Aim of the task »
Every entry needs to be given again exactly as it reads.

Records from a data source
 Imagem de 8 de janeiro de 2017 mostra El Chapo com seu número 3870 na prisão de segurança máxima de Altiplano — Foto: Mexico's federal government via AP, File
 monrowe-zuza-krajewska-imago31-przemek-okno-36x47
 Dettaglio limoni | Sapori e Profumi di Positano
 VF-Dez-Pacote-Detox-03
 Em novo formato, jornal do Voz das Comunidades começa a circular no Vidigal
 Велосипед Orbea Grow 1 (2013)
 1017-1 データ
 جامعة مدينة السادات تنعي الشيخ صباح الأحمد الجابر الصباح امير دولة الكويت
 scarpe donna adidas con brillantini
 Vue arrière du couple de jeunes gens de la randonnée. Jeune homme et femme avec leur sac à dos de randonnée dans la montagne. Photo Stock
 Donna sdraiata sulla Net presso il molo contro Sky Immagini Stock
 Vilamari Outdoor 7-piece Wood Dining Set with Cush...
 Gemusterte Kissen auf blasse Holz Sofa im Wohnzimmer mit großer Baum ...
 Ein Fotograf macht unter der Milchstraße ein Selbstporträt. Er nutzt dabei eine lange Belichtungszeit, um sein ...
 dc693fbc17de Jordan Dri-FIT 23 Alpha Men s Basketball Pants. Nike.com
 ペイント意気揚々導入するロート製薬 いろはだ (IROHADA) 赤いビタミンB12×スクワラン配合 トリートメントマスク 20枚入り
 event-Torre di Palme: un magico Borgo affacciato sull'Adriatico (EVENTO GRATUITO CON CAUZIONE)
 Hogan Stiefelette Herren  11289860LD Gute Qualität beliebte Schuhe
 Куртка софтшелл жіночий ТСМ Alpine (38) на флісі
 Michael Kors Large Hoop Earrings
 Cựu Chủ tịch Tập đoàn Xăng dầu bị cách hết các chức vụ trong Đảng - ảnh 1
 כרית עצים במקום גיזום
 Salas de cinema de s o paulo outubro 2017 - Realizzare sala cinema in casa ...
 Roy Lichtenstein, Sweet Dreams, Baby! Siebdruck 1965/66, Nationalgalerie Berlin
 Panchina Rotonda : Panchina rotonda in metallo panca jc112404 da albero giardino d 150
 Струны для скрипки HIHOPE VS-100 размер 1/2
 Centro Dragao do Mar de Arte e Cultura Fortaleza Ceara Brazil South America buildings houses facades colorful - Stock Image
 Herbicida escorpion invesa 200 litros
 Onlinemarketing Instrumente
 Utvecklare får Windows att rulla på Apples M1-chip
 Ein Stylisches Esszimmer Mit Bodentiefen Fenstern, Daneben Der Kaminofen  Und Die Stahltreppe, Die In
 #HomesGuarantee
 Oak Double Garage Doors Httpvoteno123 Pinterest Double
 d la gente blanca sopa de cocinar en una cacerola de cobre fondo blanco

Task response »
 Imagem de 8 de janeiro de 2017 mostra El Chapo com seu número 3870 na prisão de segurança máxima de Altiplano — Foto: Mexico's federal government via AP, File
 monrowe-zuza-krajewska-imago31-przemek-okno-36x47
 Dettaglio limoni | Sapori e Profumi di Positano
 VF-Dez-Pacote-Detox-03
 Em novo formato, jornal do Voz das Comunidades começa a circular no Vidigal
 Велосипед Orbea Grow 1 (2013)
 1017-1 データ
 جامعة مدينة السادات تنعي الشيخ صباح الأحمد الجابر الصباح امير دولة الكويت
 scarpe donna adidas con brillantini
 Vue arrière du couple de jeunes gens de la randonnée. Jeune homme et femme avec leur sac à dos de randonnée dans la montagne. Photo Stock
 Donna sdraiata sulla Net presso il molo contro Sky Immagini Stock
 Vilamari Outdoor 7-piece Wood Dining Set with Cush...
 Gemusterte Kissen auf blasse Holz Sofa im Wohnzimmer mit großer Baum ...
 Ein Fotograf macht unter der Milchstraße ein Selbstporträt. Er nutzt dabei eine lange Belichtungszeit, um sein ...
 dc693fbc17de Jordan Dri-FIT 23 Alpha Men s Basketball Pants. Nike.com
 ペイント意気揚々導入するロート製薬 いろはだ (IROHADA) 赤いビタミンB12×スクワラン配合 トリートメントマスク 20枚入り
 event-Torre di Palme: un magico Borgo affacciato sull'Adriatico (EVENTO GRATUITO CON CAUZIONE)
 Hogan Stiefelette Herren  11289860LD Gute Qualität beliebte Schuhe
 Куртка софтшелл жіночий ТСМ Alpine (38) на флісі
 Michael Kors Large Hoop Earrings
 Cựu Chủ tịch Tập đoàn Xăng dầu bị cách hết các chức vụ trong Đảng - ảnh 1
 כרית עצים במקום גיזום
 Salas de cinema de s o paulo outubro 2017 - Realizzare sala cinema in casa ...
 Roy Lichtenstein, Sweet Dreams, Baby! Siebdruck 1965/66, Nationalgalerie Berlin
 Panchina Rotonda : Panchina rotonda in metallo panca jc112404 da albero giardino d 150
 Струны для скрипки HIHOPE VS-100 размер 1/2
 Centro Dragao do Mar de Arte e Cultura Fortaleza Ceara Brazil South America buildings houses facades colorful - Stock Image
 Herbicida escorpion invesa 200 litros
 Onlinemarketing Instrumente
 Utvecklare får Windows att rulla på Apples M1-chip
 Ein Stylisches Esszimmer Mit Bodentiefen Fenstern, Daneben Der Kaminofen  Und Die Stahltreppe, Die In
 #HomesGuarantee
 Oak Double Garage Doors Httpvoteno123 Pinterest Double
 d la gente blanca sopa de cocinar en una cacerola de cobre fondo blanco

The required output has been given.